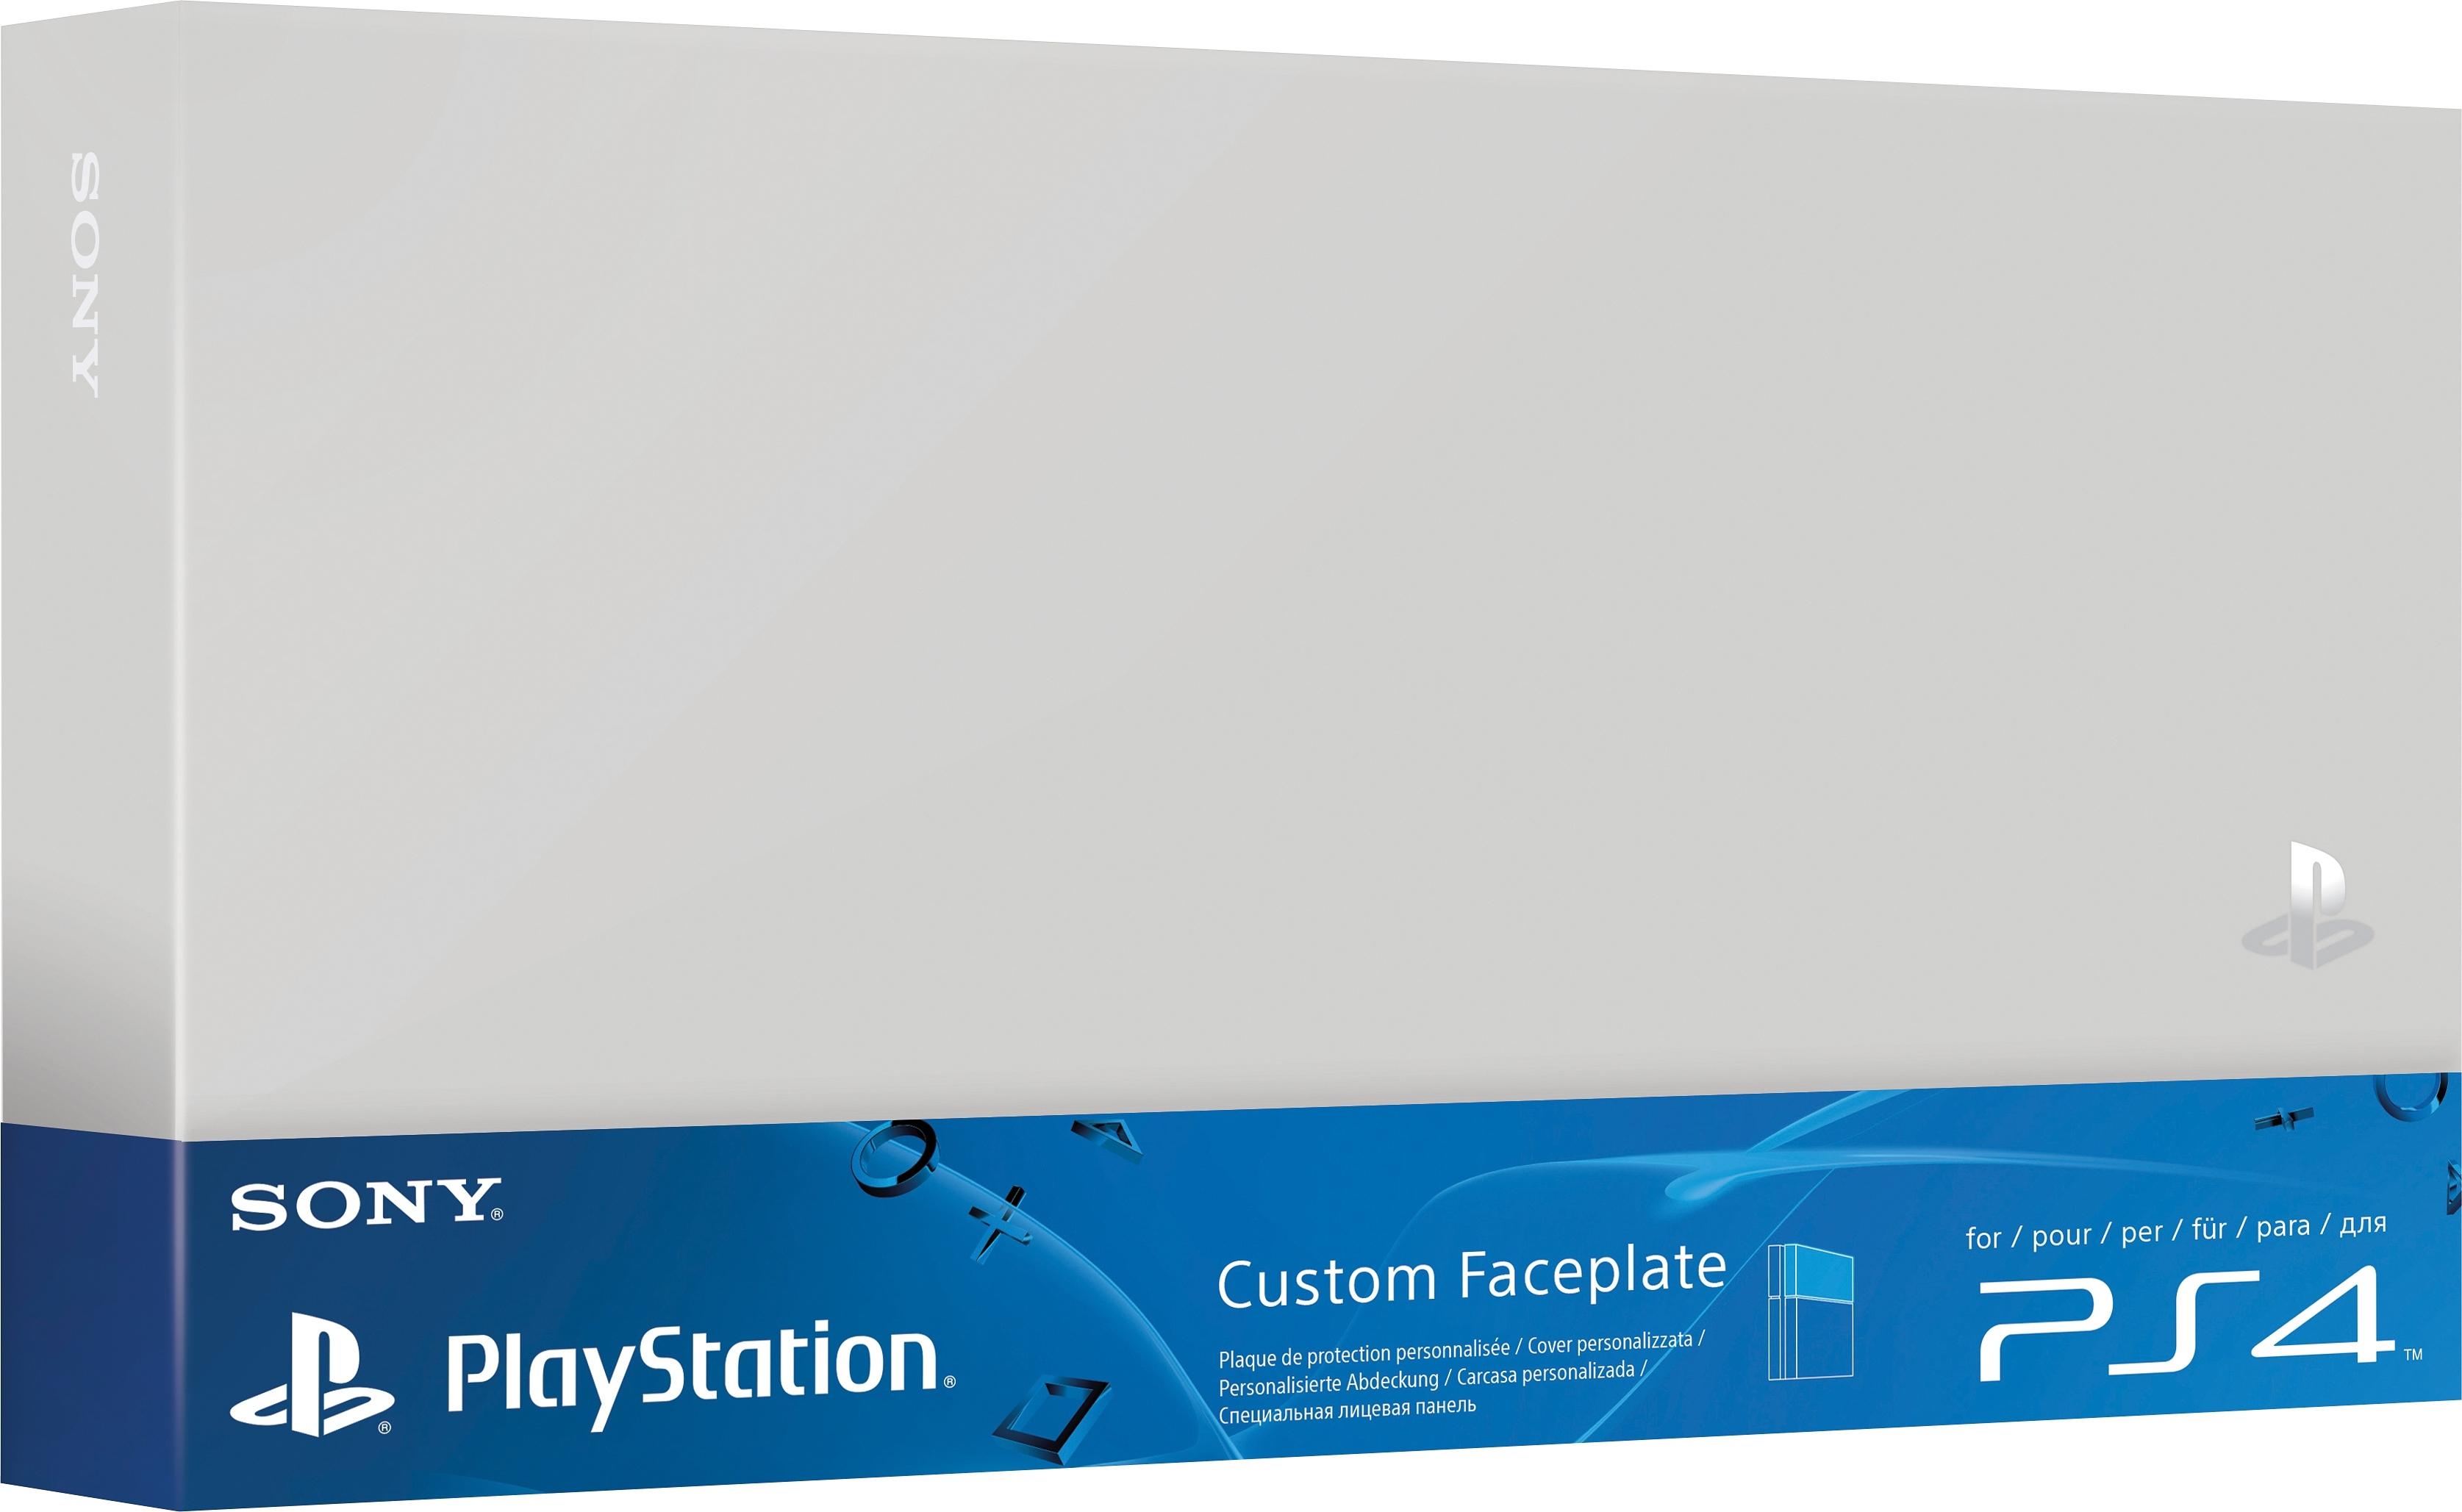 PlayStation 4 PS4-cover hoogte 10,85 cm - gratis ruilen op otto.nl
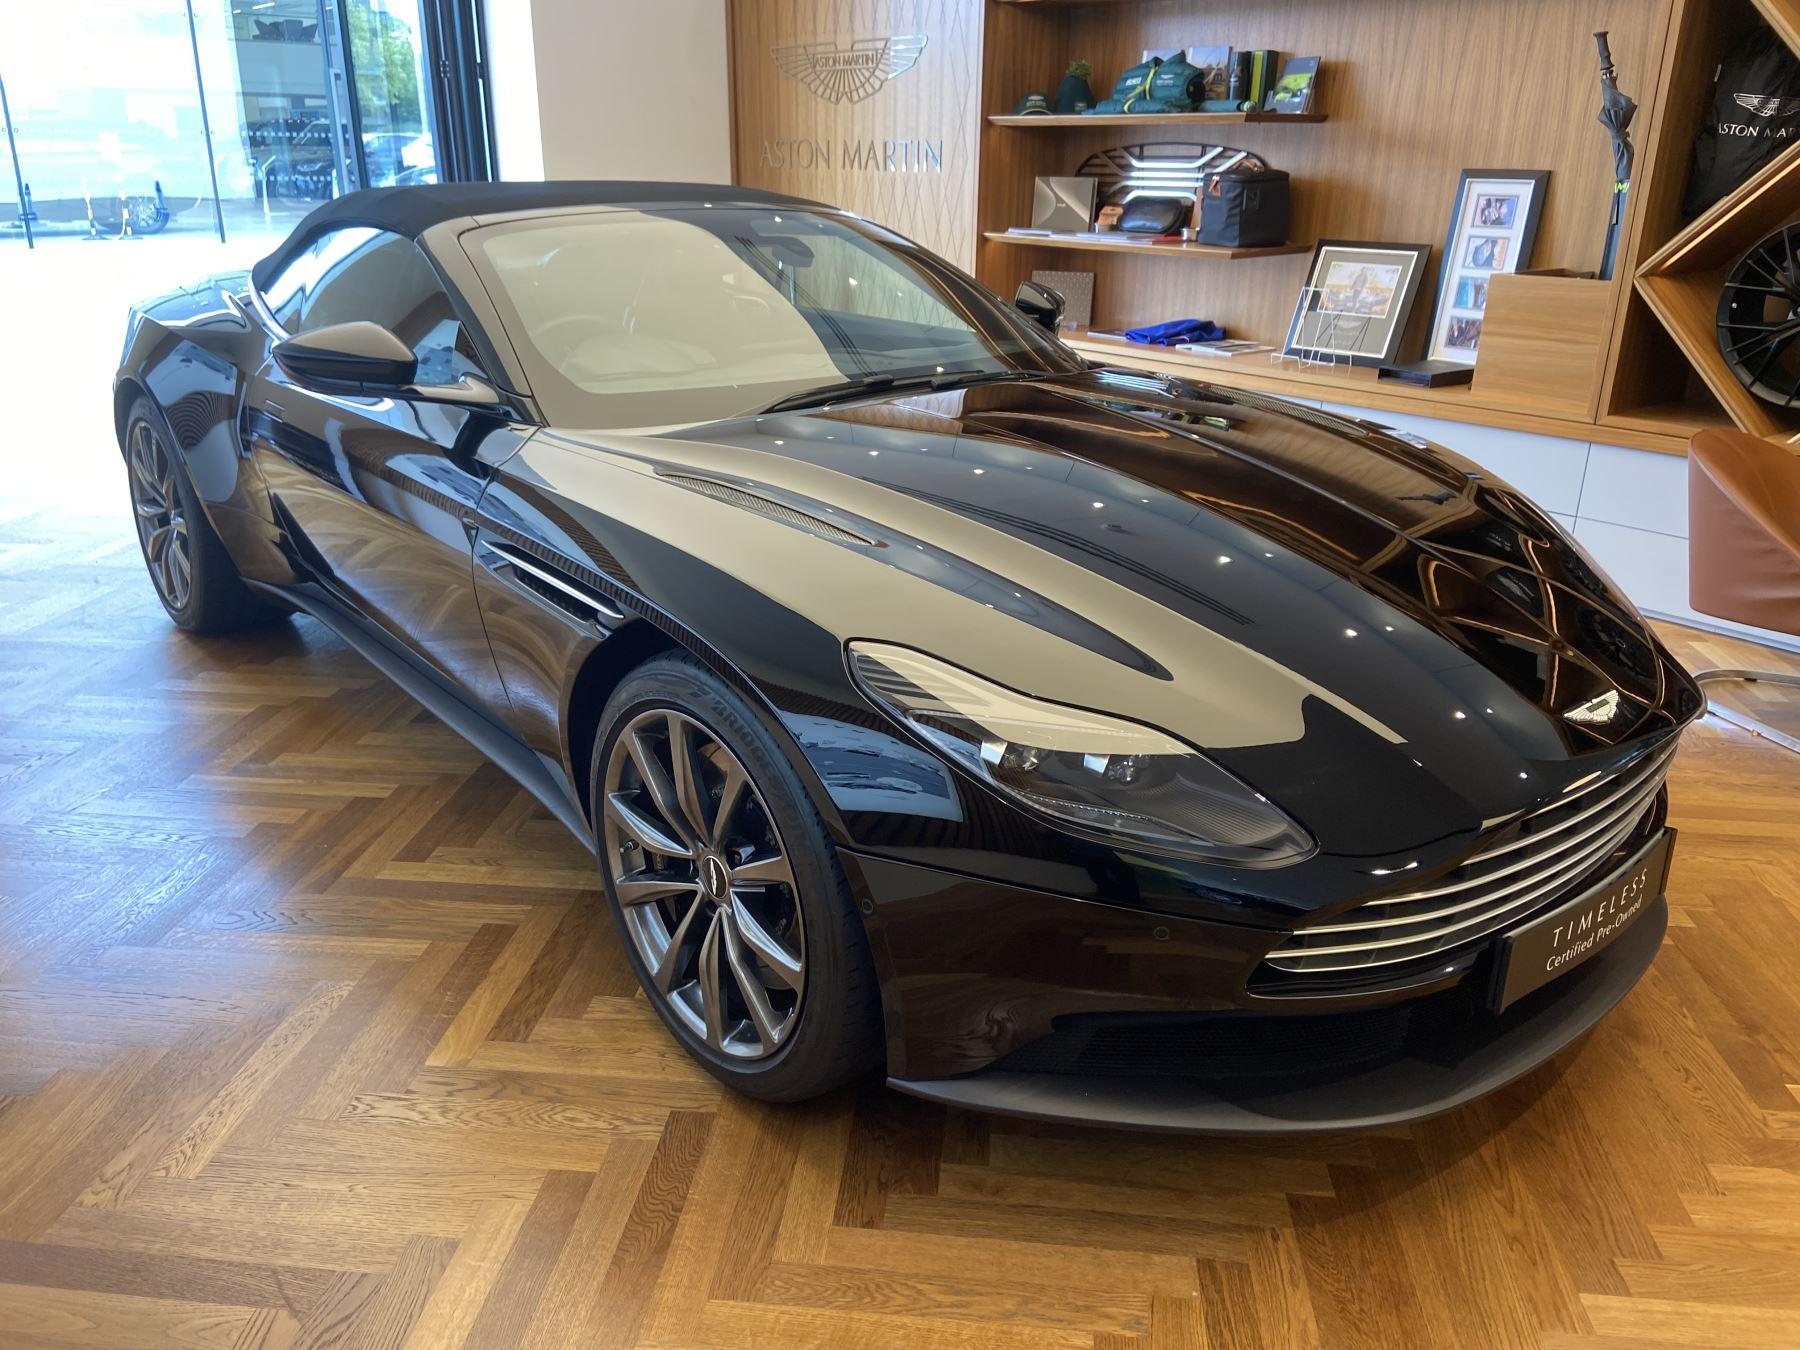 Aston Martin DB11 Volante V8 Volante Touchtronic image 2
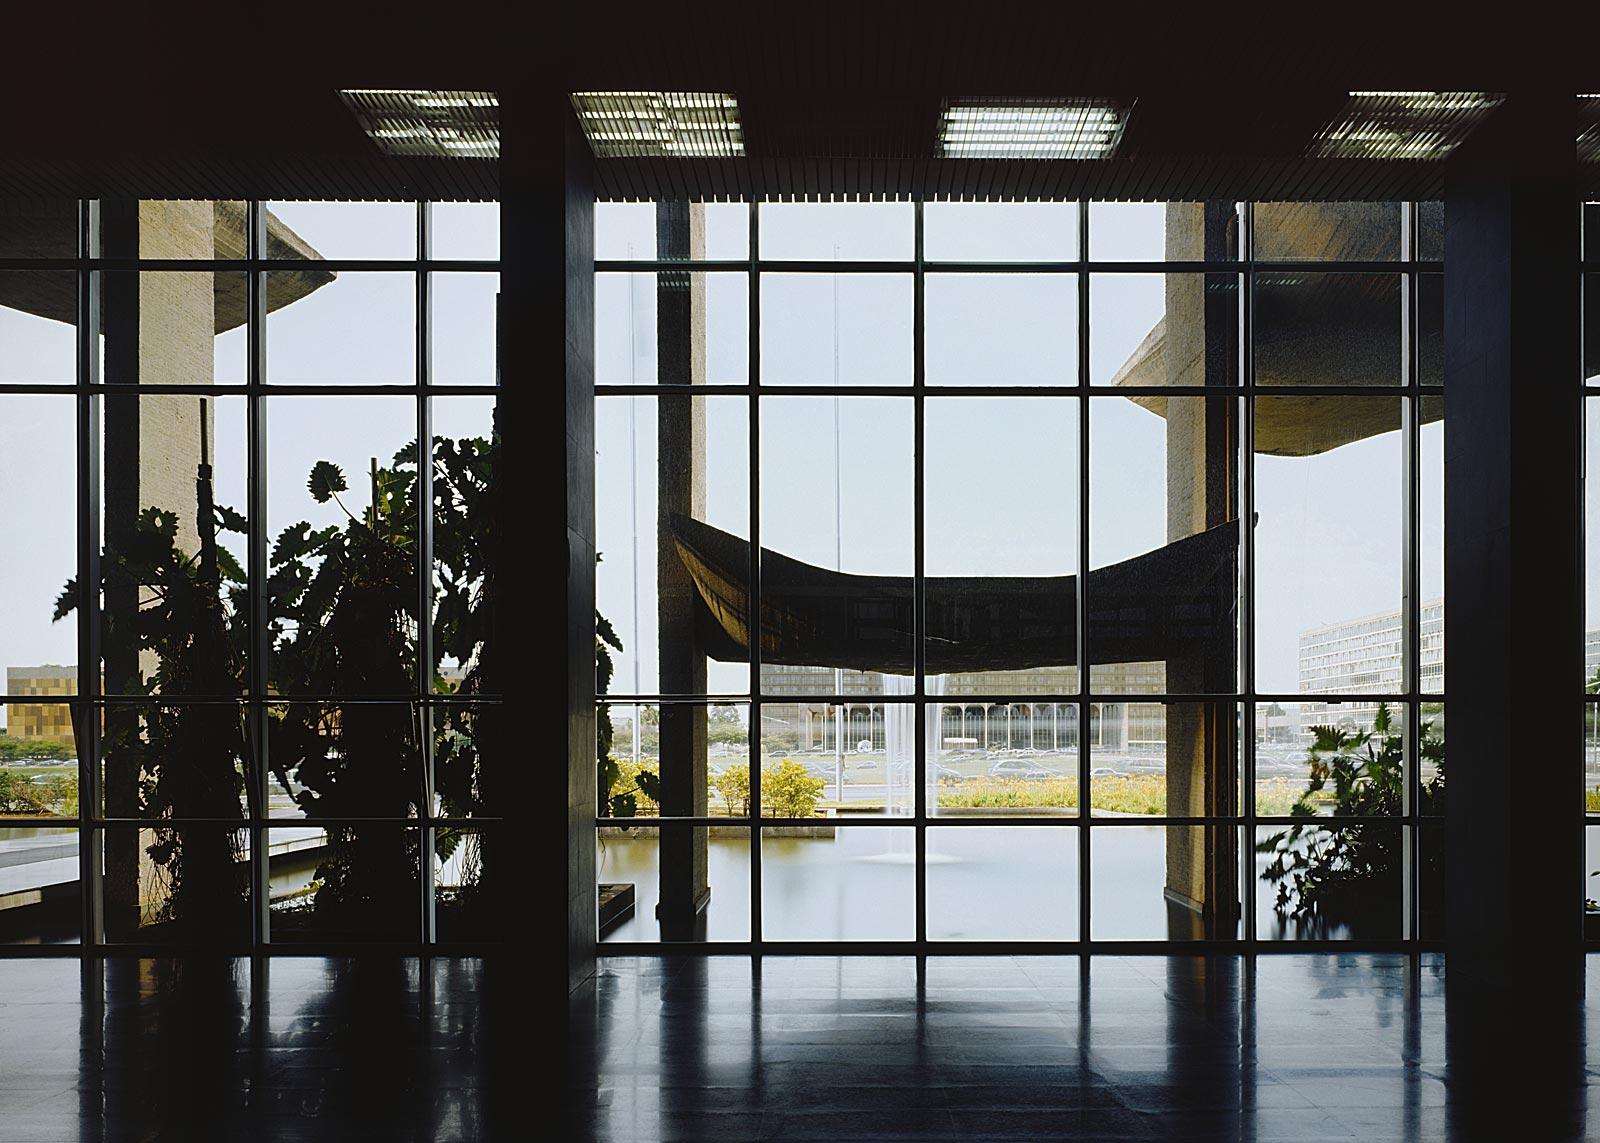 Palácio da Justiça, Brasilia

....................

● **Exercise details**
In your reply, please print exactly the lines from the one with "Aston Martin DB11" through the final line of the listing above, both included, and no pictures.

● **Your response**
 Aston Martin DB11 Volante V8 Volante Touchtronic image 2
 Palácio da Justiça, Brasilia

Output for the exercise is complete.